Ben was all on fire with indignation and excitement. He reached the office of Mr. Pearsons, his father’s lawyer, breathless and perspiring. It was to find his father pacing the floor in a restless, anxious way.

“Oh, father,” exclaimed Ben, “this is terrible!”

“For Saxton, yes,” said Mr. Hardy, in his usual calm and trustful way. “A man who will do what he has done, will wake up with a tormenting conscience some day.”

“But what good does that do us now?”

“Don’t worry, my son, everything will come out right.”

“It’s a pretty hard thing to see you charged with stealing.”

“They will have to prove those charges, Ben.”

“And they have got hold of our new monoplane parts.”

“Mr.
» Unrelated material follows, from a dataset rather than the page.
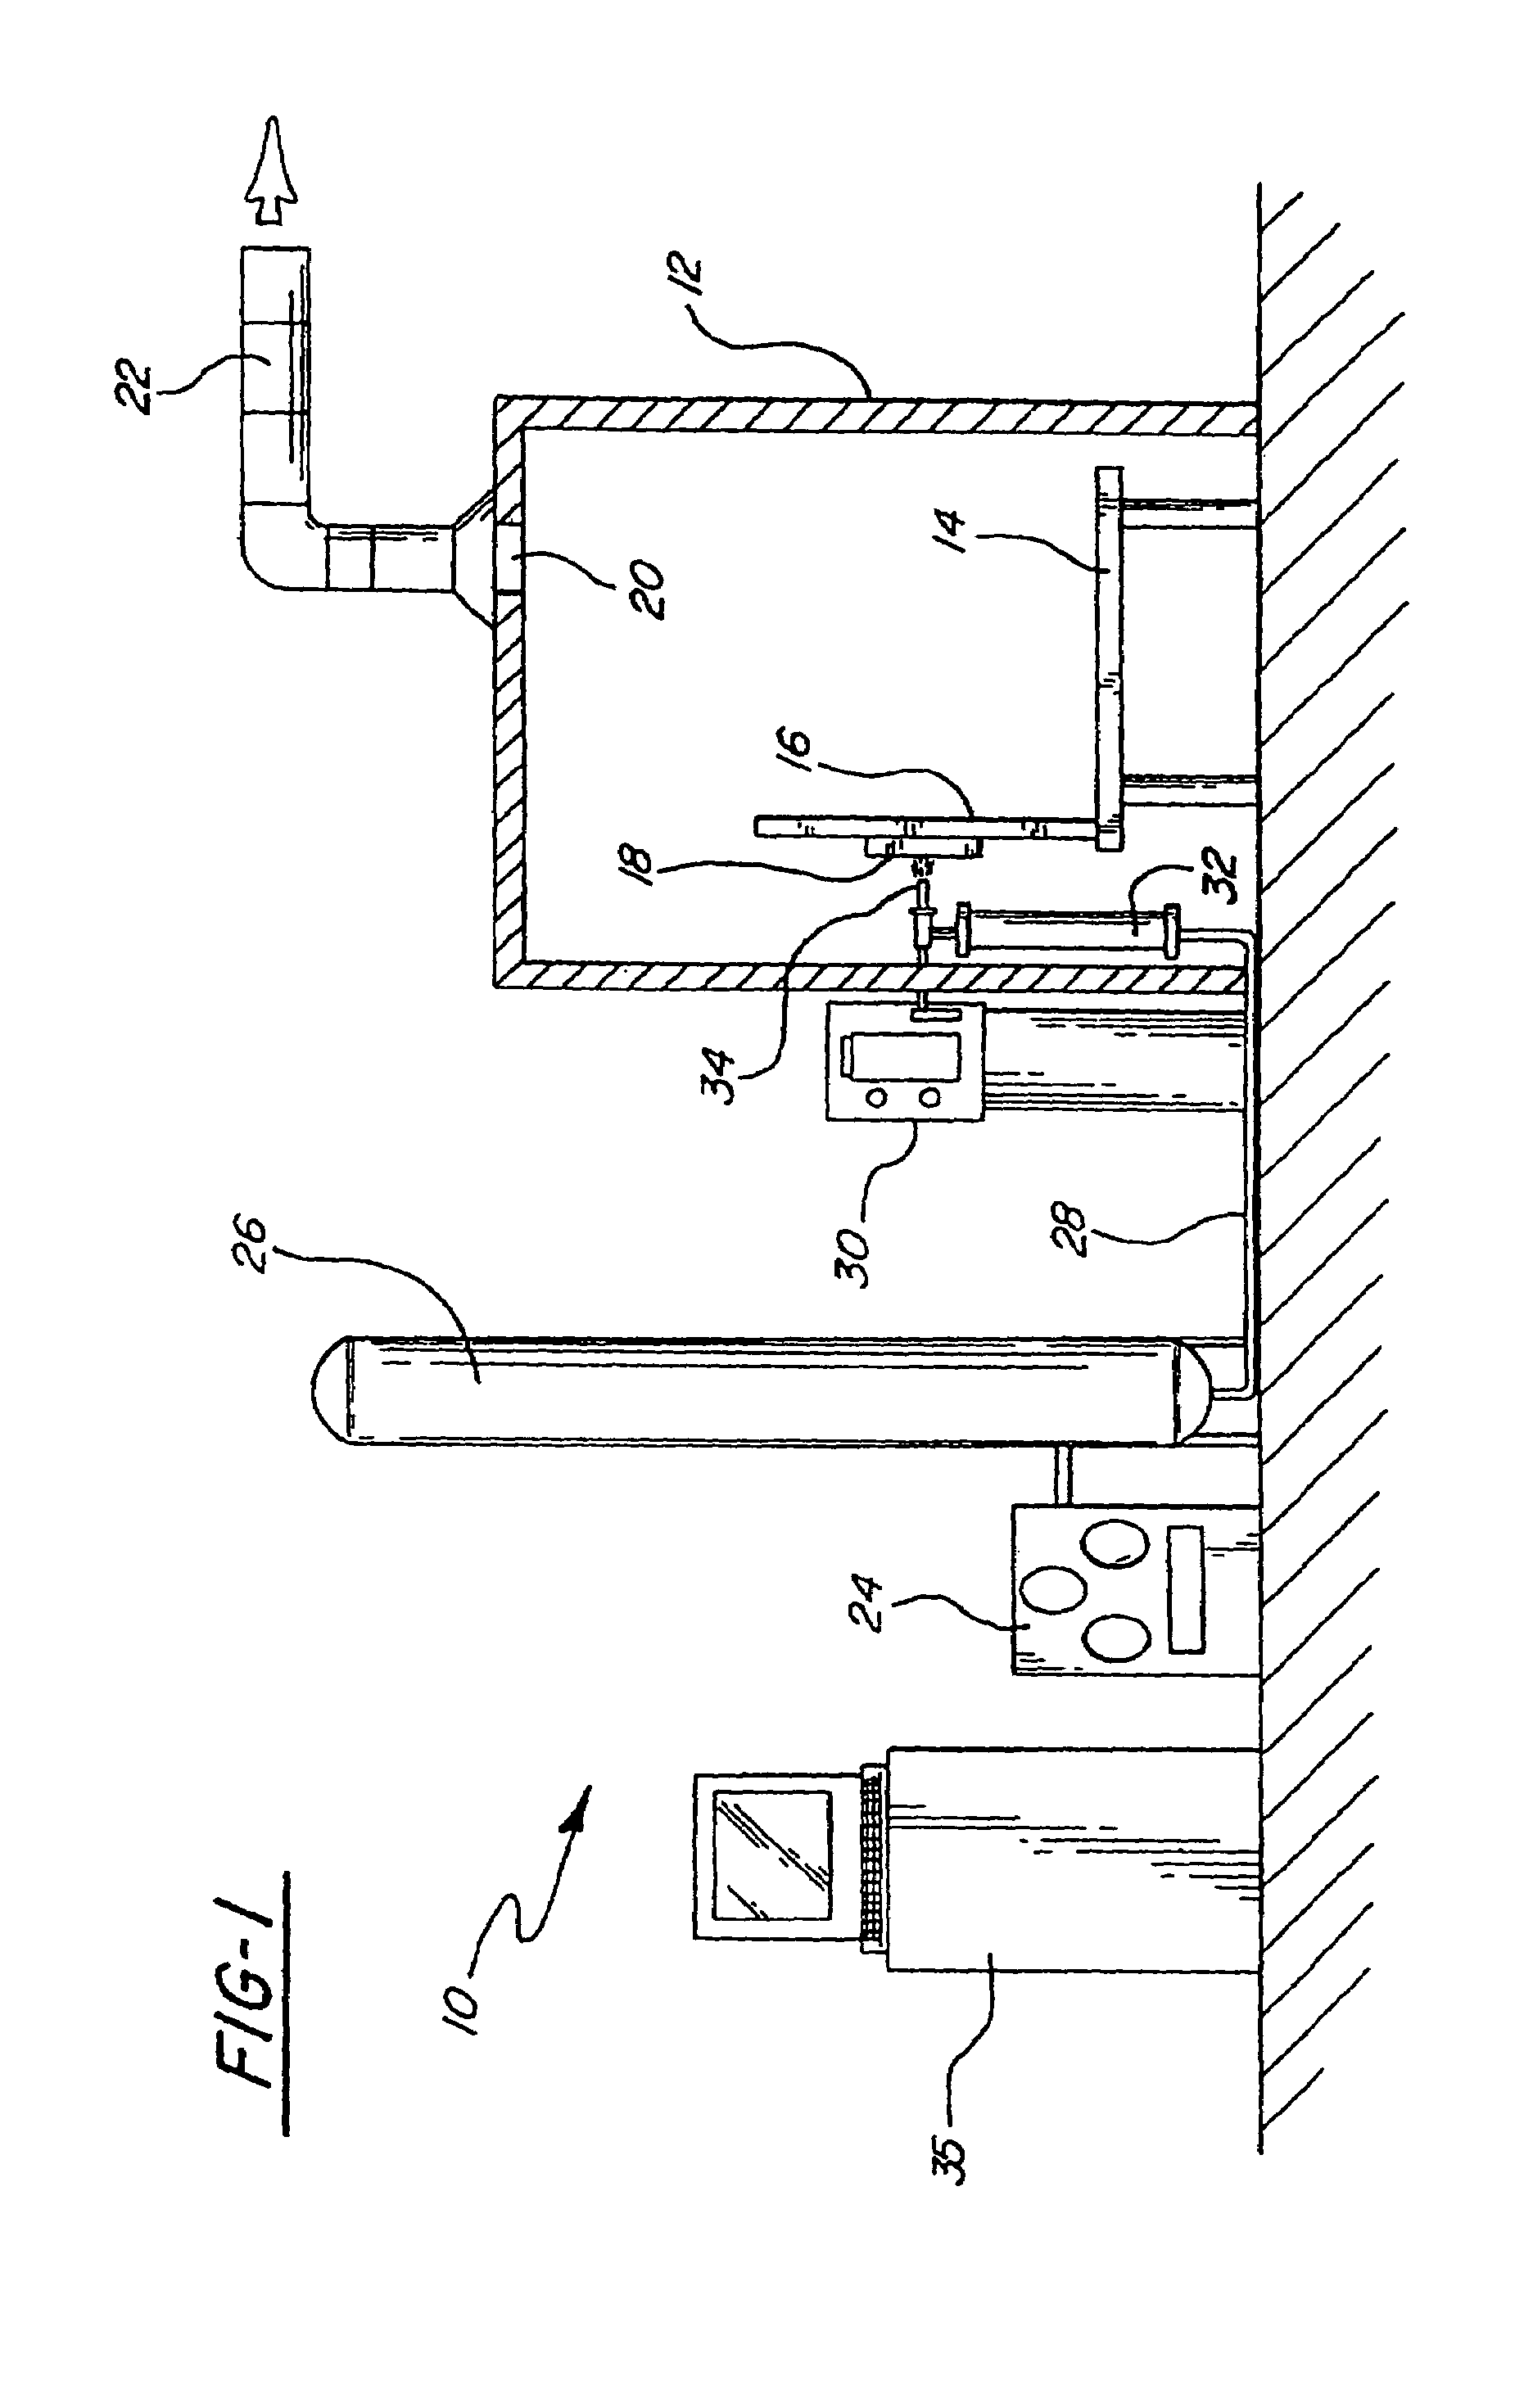 Method for securing ceramic structures and forming electrical connections on the same

Pearsons has just gone to see about those,” said Mr. Hardy.

The lawyer in question entered the office at that moment. He was in great haste. He looked stirred up and bothered.

Mr. Pearsons nodded to Ben. Then he turned towards his anxious-faced father.

“Well, Hardy,” he observed, “we’re dealing with a bad crowd, I can tell you.”

“You mean Mr. Saxton?”

“And his accomplices and lawyers. The recovery of those automobile parts was only a ruse.”

“A ruse?” repeated Mr. Hardy wonderingly.

“Yes.”

“How do you mean, Mr. Pearsons?”

“They were really after the parts of that flying machine of yours.”

“Why?”

“Well, Hardy,” pronounced the lawyer emphatically, “I am satisfied that the motive of this raid is to steal your airship inventions!”